Счастье. Последнее счастье: видеть ее, верную, милую подругу, со следами годов на лице, таком родном. Руки жены возле пылающего очага. Мягкий отблеск света на лице ее и руках.
Он бы спел ей сейчас. Он бы спел ей из «Лоэнгрина», она это любит. Или старинный романс о хризантемах: «Я угасаю с каждым днем, но злобы в сердце нет моем…» Он бы спел, если б были силы. Жаль, их нет. Остается только смотреть, но и это — счастье. И, как всякое счастье, не вечно.
Печка догорела. Аня закрыла вьюшку, чтобы не выдуло тепло. Аня поцеловала его, пожелала спокойной ночи и улеглась на Машином плоском диванчике, совсем рядом.
Проснулась от холода: фанерные заплатки на окнах тепла не держали. Протянула руку через подушку к постели Бори, к его лицу: оно было ледяным.

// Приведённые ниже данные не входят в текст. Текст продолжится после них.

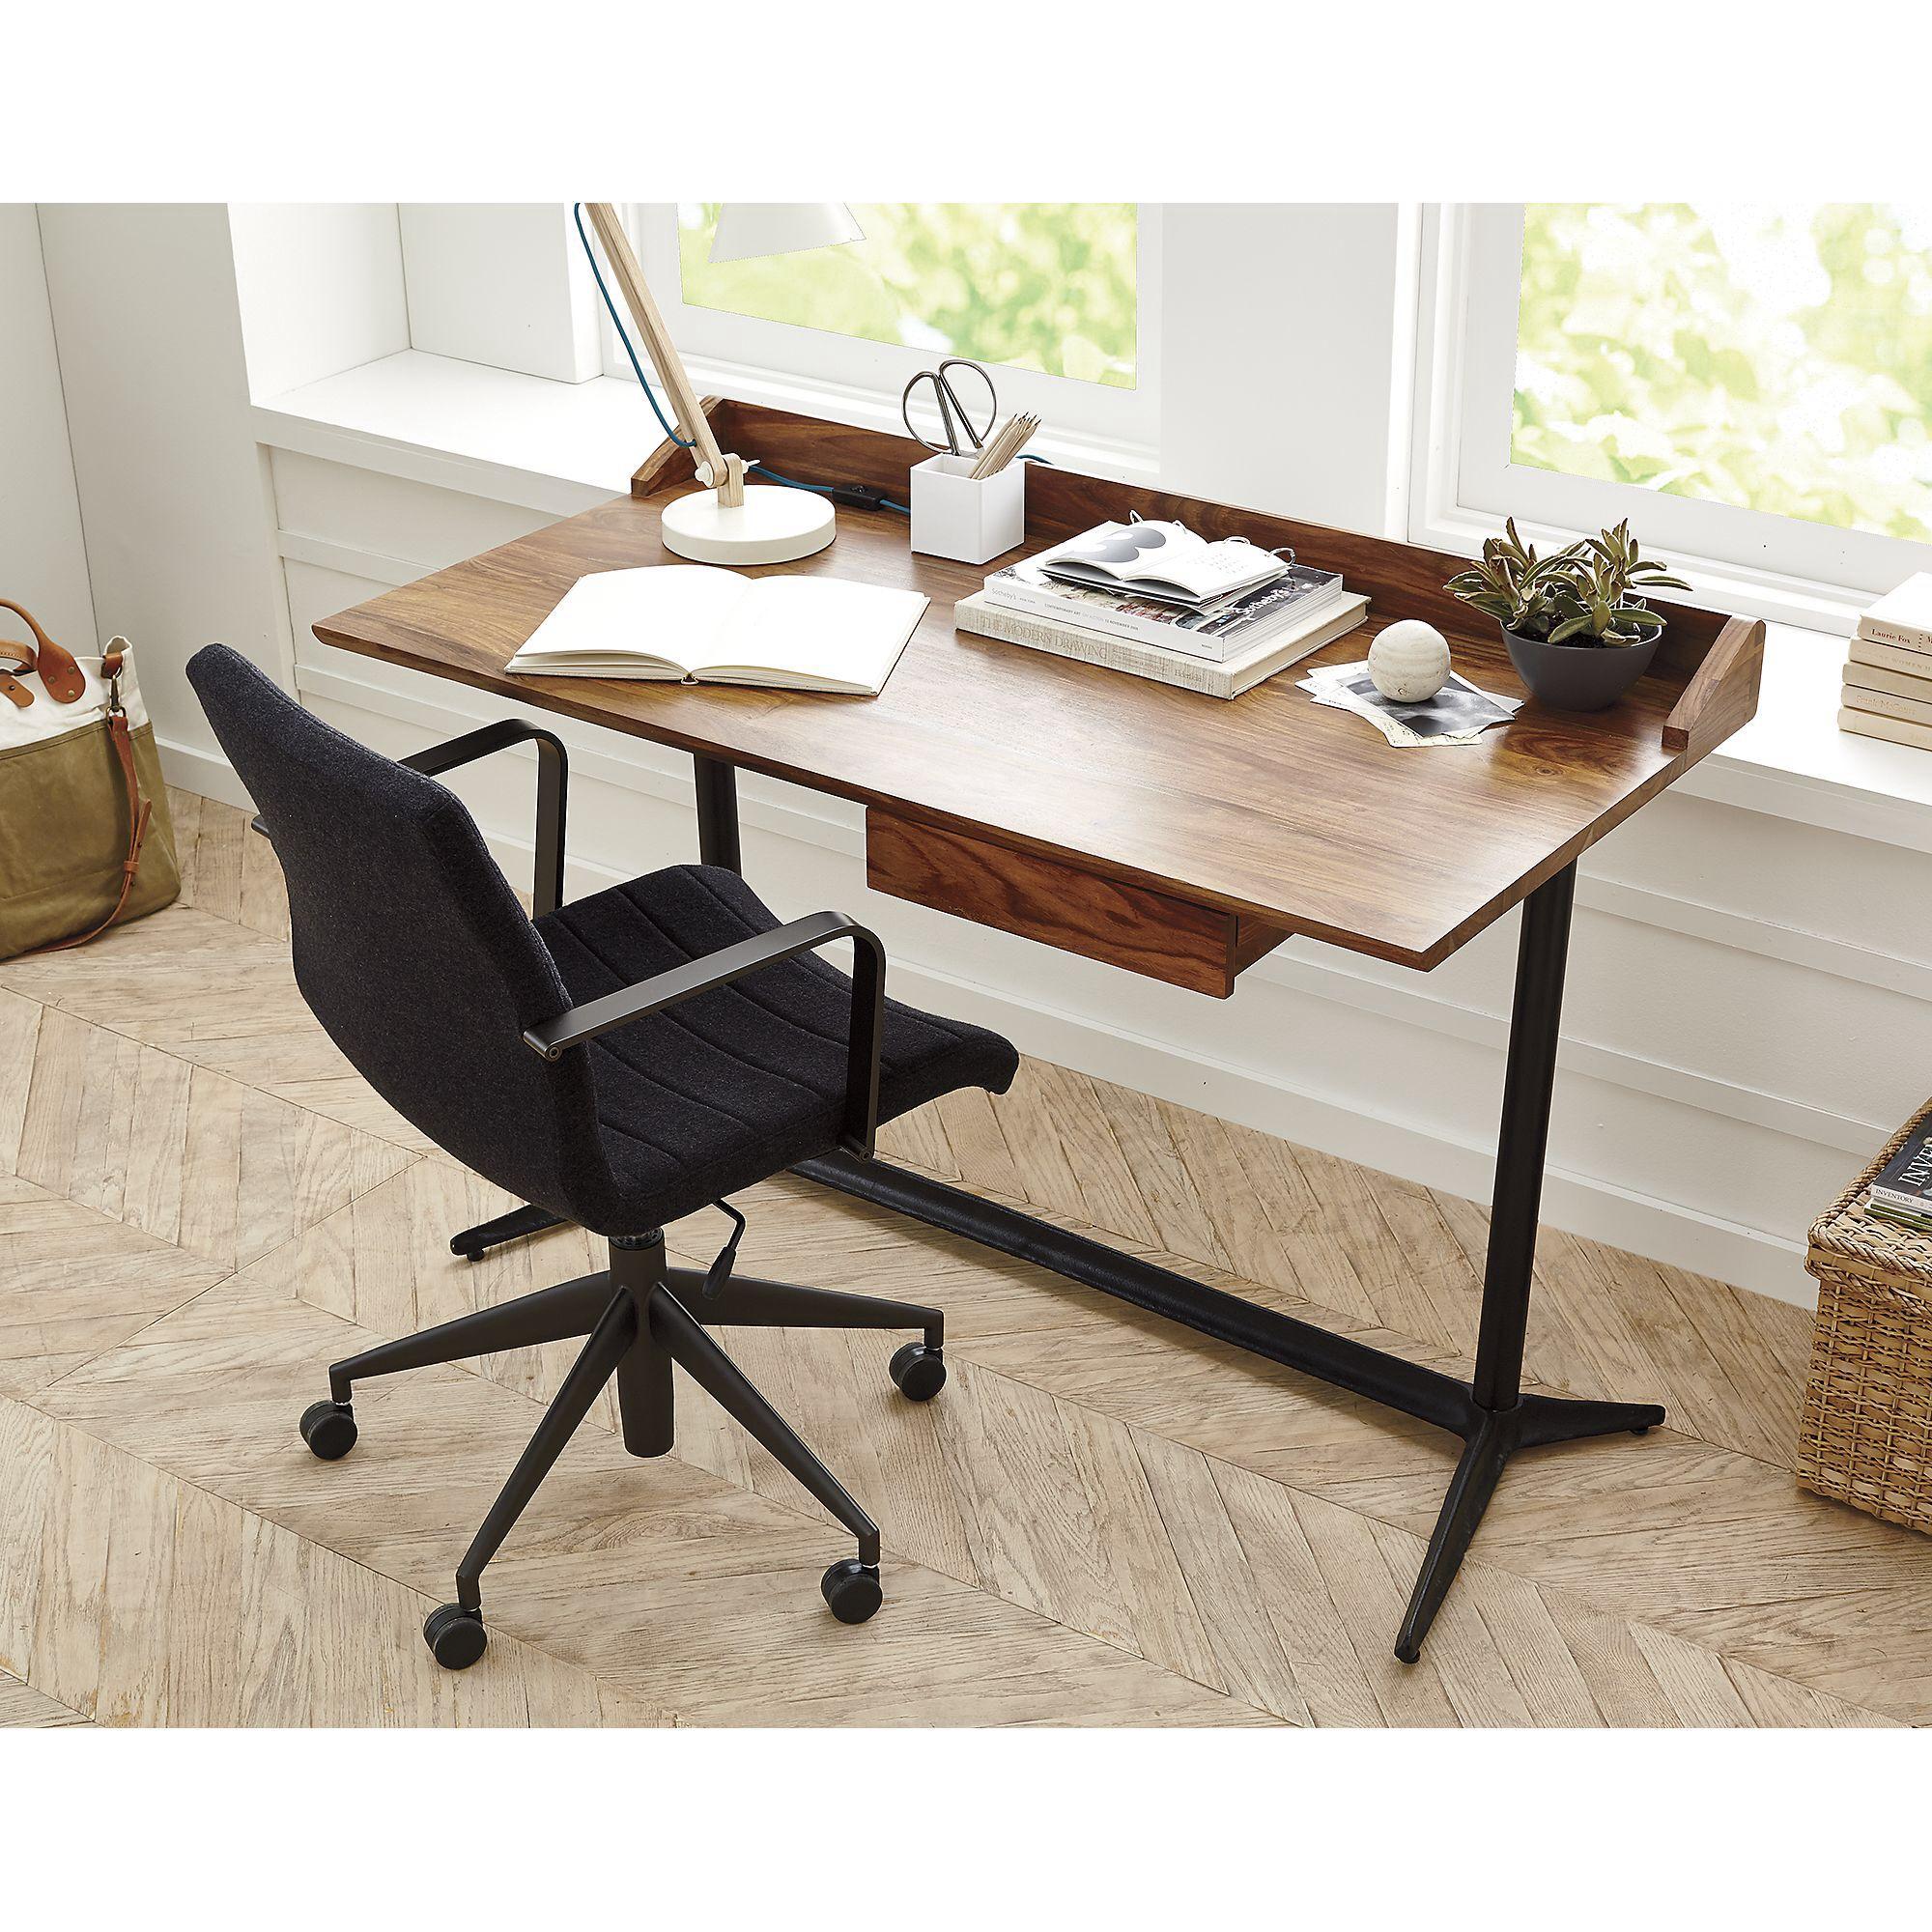 Spence Desk Crate & Barrell Home fice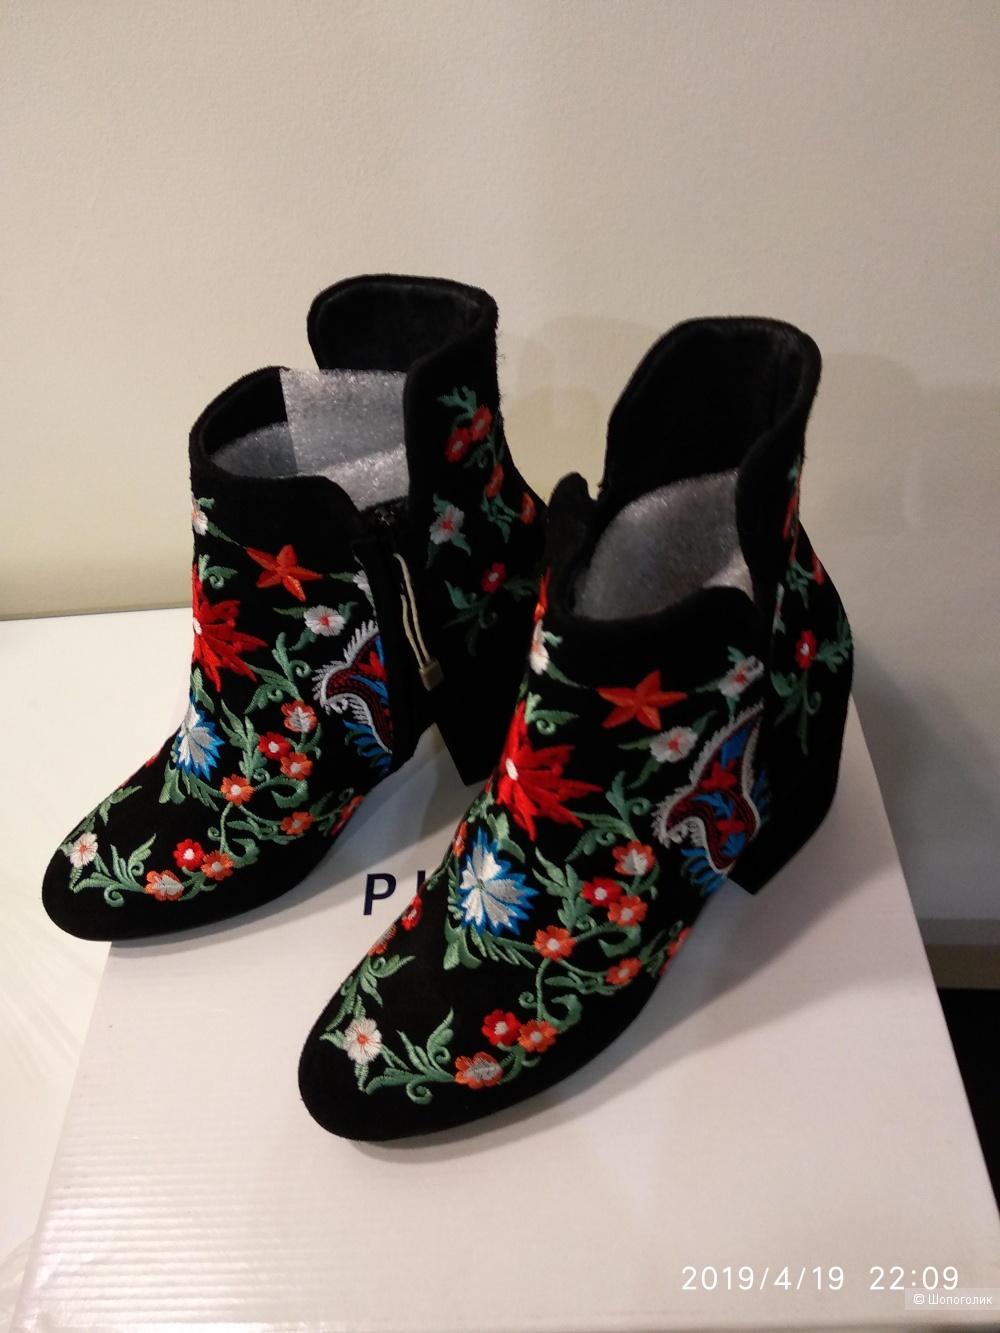 Ботинки PIECES, 37 размер

Долго стояла молча, нелепо качая головой, гладя руками его скуластые обтянутые щеки, красивый высокий лоб, тонкие руки. Не плакала, не говорила. А когда проснулась сестра и подняла в тревоге голову, не понимая, зачем Аня так стоит, то услыхала тихое, ровное:
— Боря умер.
Мертвых сейчас хоронят в братских могилах. Чтобы похоронить отдельно, нужно платить. Хлебом. А откуда же хлеб!
В проходной комнате, в бывшей столовой, жильцов уже нет: обе женщины уехали. Бориса Петровича одели и положили на покрытый простыней стол, — гроба не было. В комнате морозно, он может лежать тут несколько дней. Пока не устроят с могилой.
— Вот мы и остались вдвоем, — говорит Анне Васильевне сестра. — Теперь моя очередь.
— Зачем ты так! Вставай, шевелись понемногу, не позволяй себе сдаться. Вот надо за хлебом идти.
— Иди ты, Анечка, у меня нет сил.
А у нее будто бы есть!
Анна Васильевна одевается, повязывает платок. Берет карточки, три хлебных карточки на декаду. Сегодня пятое февраля. Тут еще на пять дней.
Карточки положены в сумку. И деньги. Она тихонько бредет между синими сугробами, точно пробирается через стадо мертвых мамонтов. Уж лучше бы были они живые.
В булочной очередь. Хвост стоит на улице, на морозе. Мороз обжигает, ноги перестаешь чувствовать сразу. Надо бы топать, подпрыгивать, а силенок-то нет.
Она упрямо стоит: надо же хлеб получить. Хлеб для еды. Не для гроба, — для этого надо целый «кирпичик». Она стоит вопреки всему, закоченевшая, обессиленная. Дверь уже близко. Скоро войдет и она. Надо потерпеть, уже близко.
И вот она в булочной. Тут — не намного теплее: на окнах сахарно-белый, толстый слой льда, продавщица — в ватнике, в перчатках с обрезанными пальцами.
Анна Васильевна хочет удержаться на ногах, но потолок над ней кружится, точно делает заход, один и другой. Она оседает на пол, на каменный ледяной пол, посыпанный опилками. Ноги разъехались, руки разжались, сумка валяется рядом.